I happened to see this thread in my Google Alert and wanted to say that if I were a gambler, my money would be on Gambling Camel.  Excellent and accurate response regarding Times Square, and Yeah-lo is indeed also much the same, the way Chinese Cantonese-speaking immigrants would change the English name into Chinese sounds.  I'm also impressed that my novel was instantly recognized from the initial question.  Much thanks to all of you for your knowledgeable discussion!

Best,
Jean

P.S. I'm sorry, I had to delete the URLs from Gambling Camel's quote because I'm a new member and it won't allow me to post URLs.


----------



## JeanKwok

And just a note, the Arena comes from the reference to large theaters, indeed like Madison Square Garden, and not from the word Area.


----------



## GamblingCamel

JeanKwok said:


> And just a note, the Arena comes from the reference to large theaters, indeed like Madison Square Garden, and not from the word Area.
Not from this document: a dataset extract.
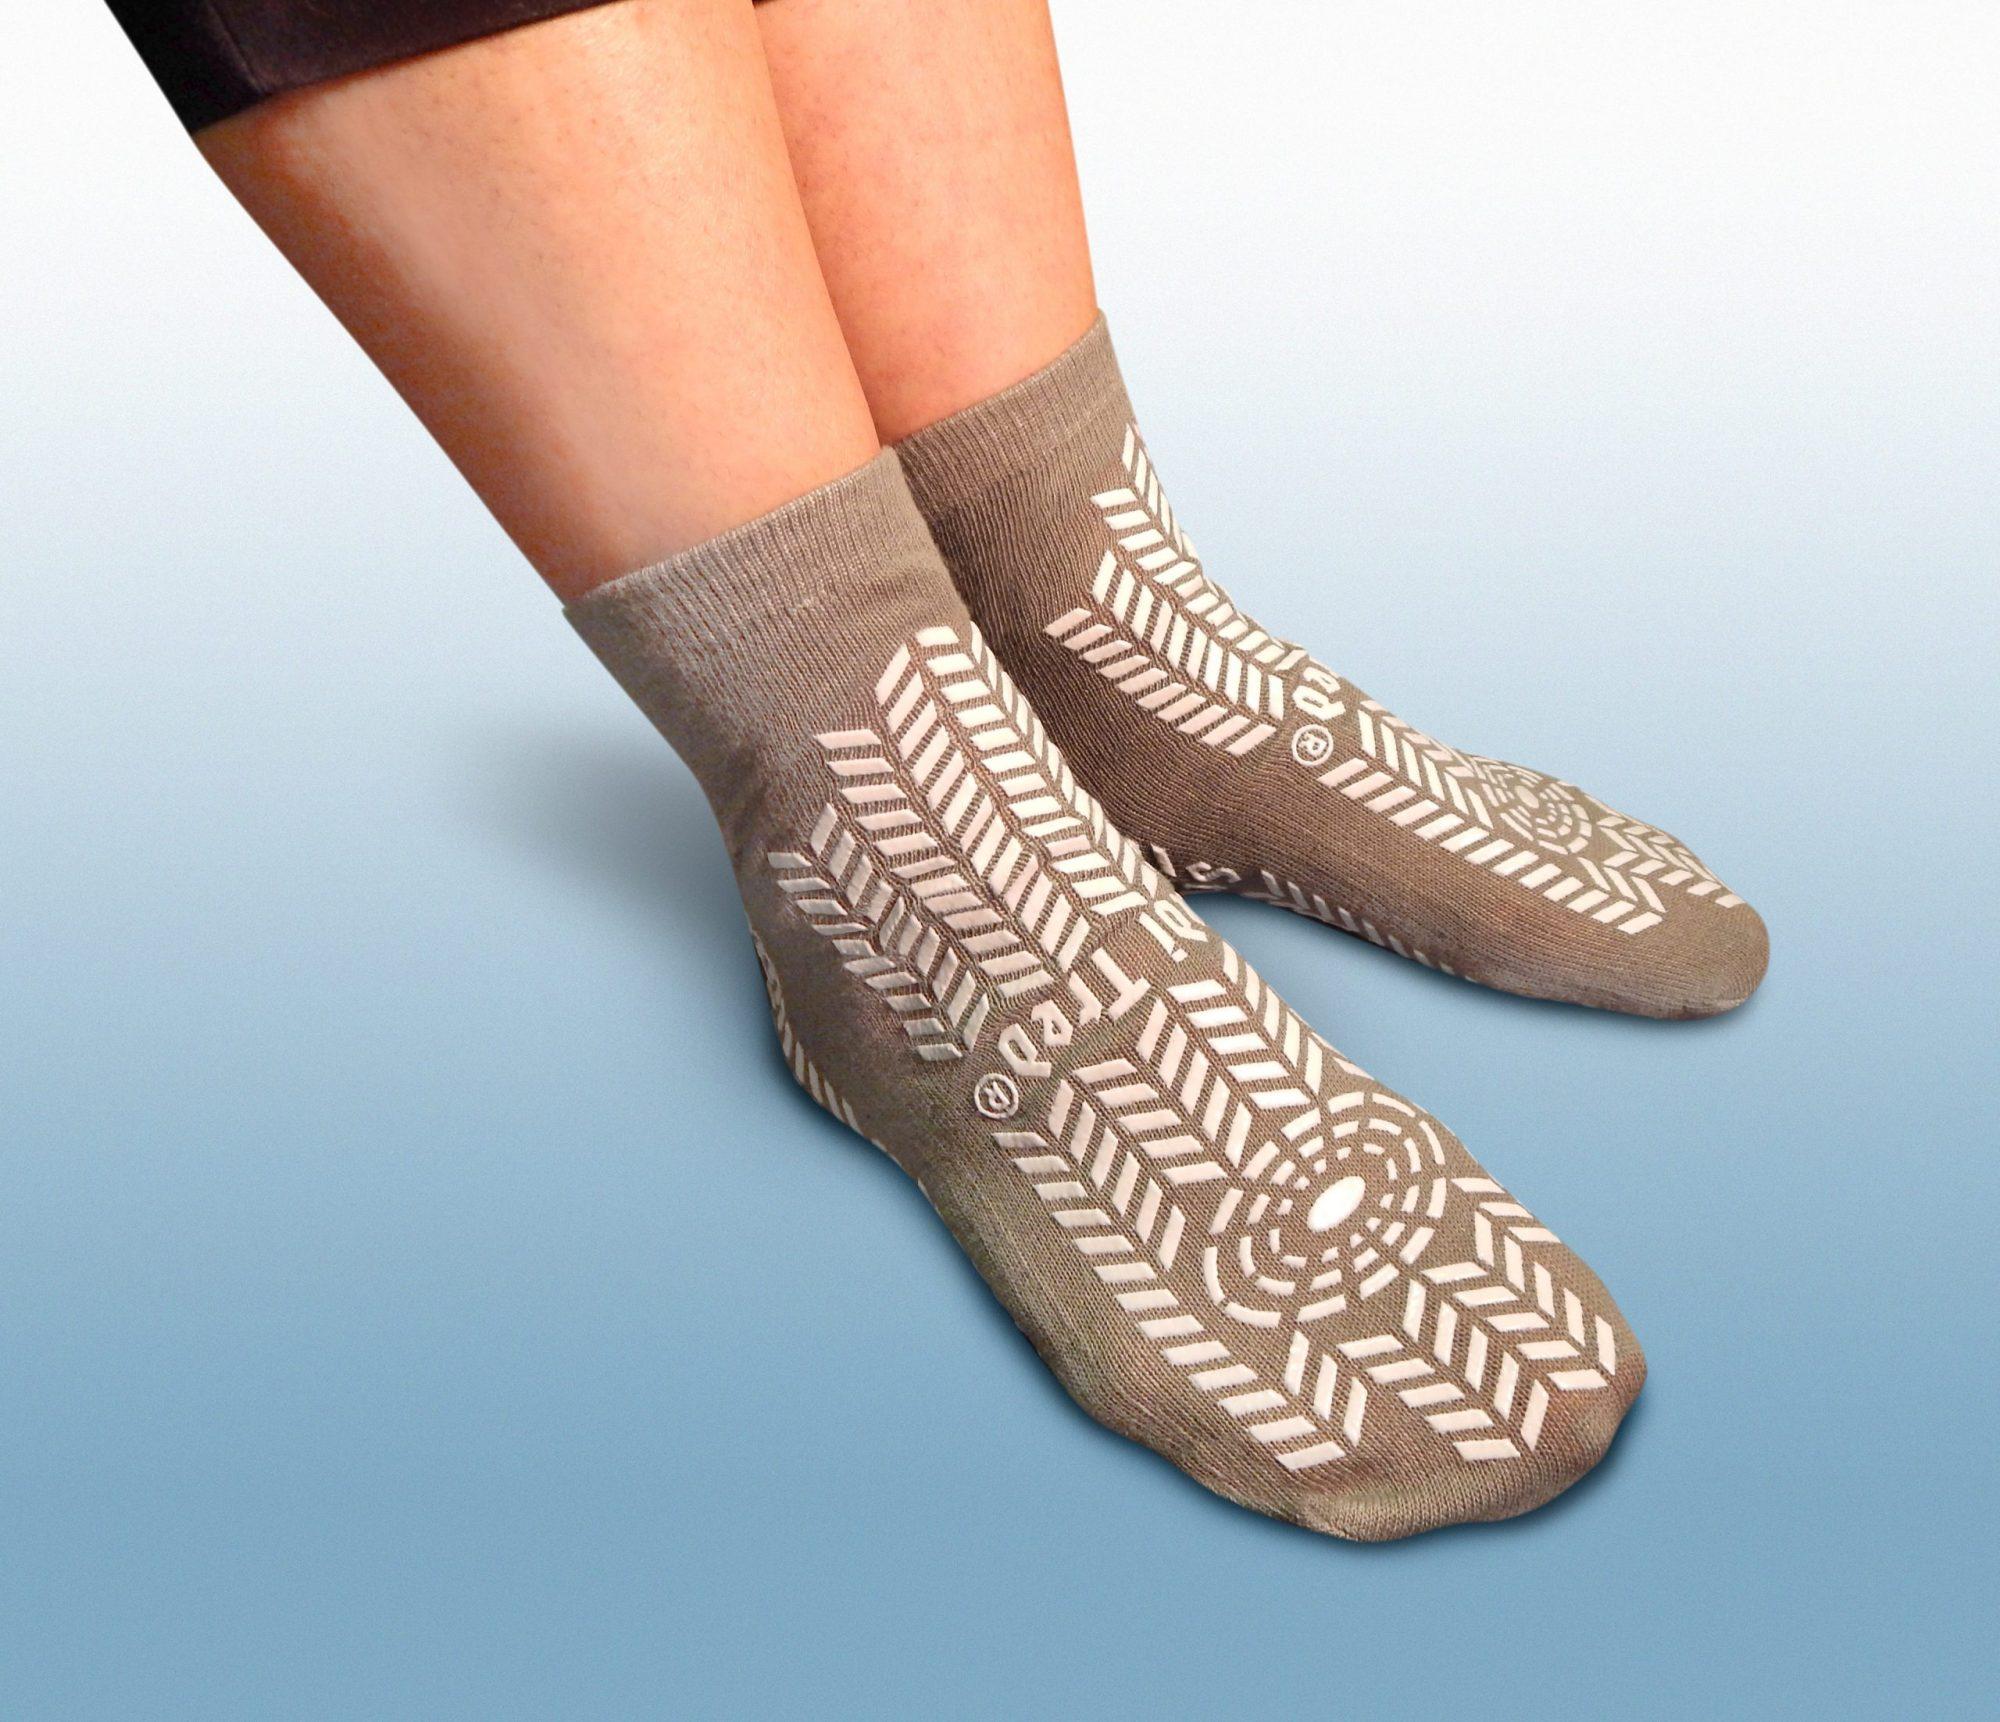 NEW!! Stedi Tred Fall Prevention Slippers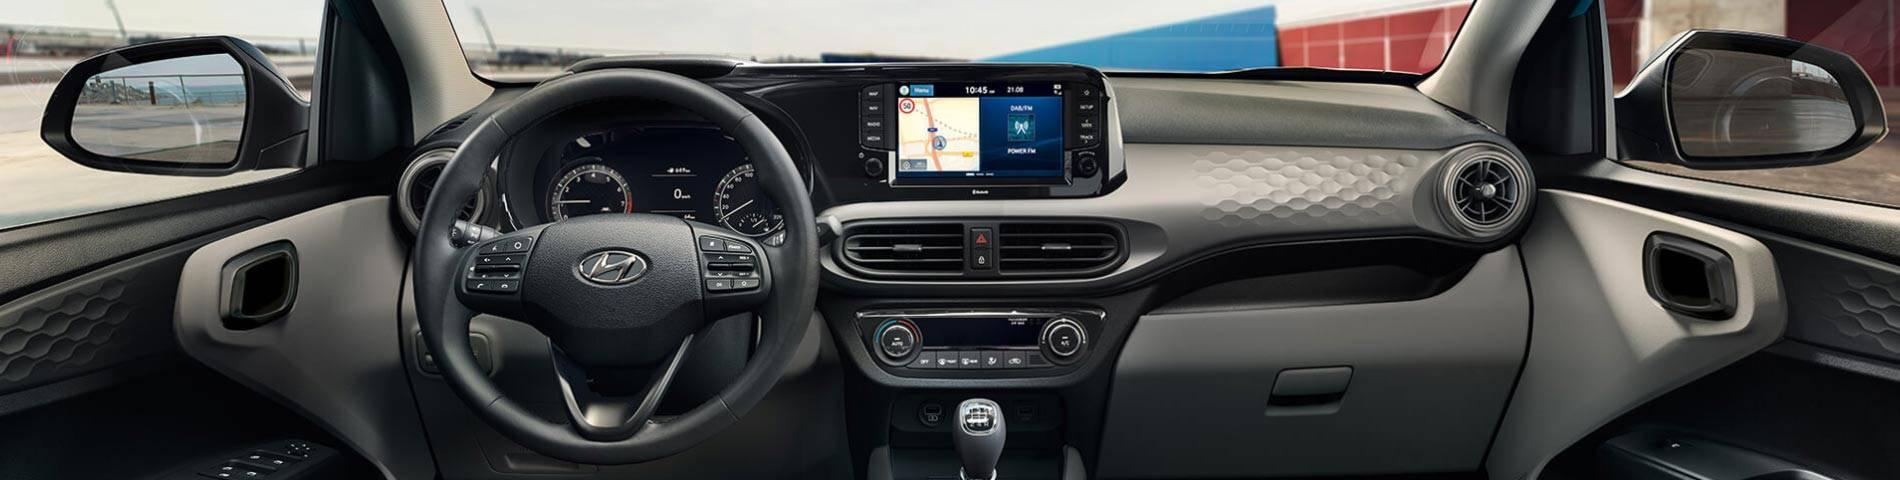 all-new-hyundai-i10-interior-view

LOL. I didn't have to make a telephone call or send an email. 
All I had to do was type the name JEAN KWOK inside a WORD REFERENCE message box  ... and you're here.  Poof!! Like magic!! Like a genie!!


----------



## JeanKwok

I know, the wonders of the modern world!  I don't manage to see everything where I'm mentioned but I found this thread intriguing, might even post a link to it on my Facebook fan page.

Someday, Gambling Camel, I want to hear the story behind the gambling camel.


----------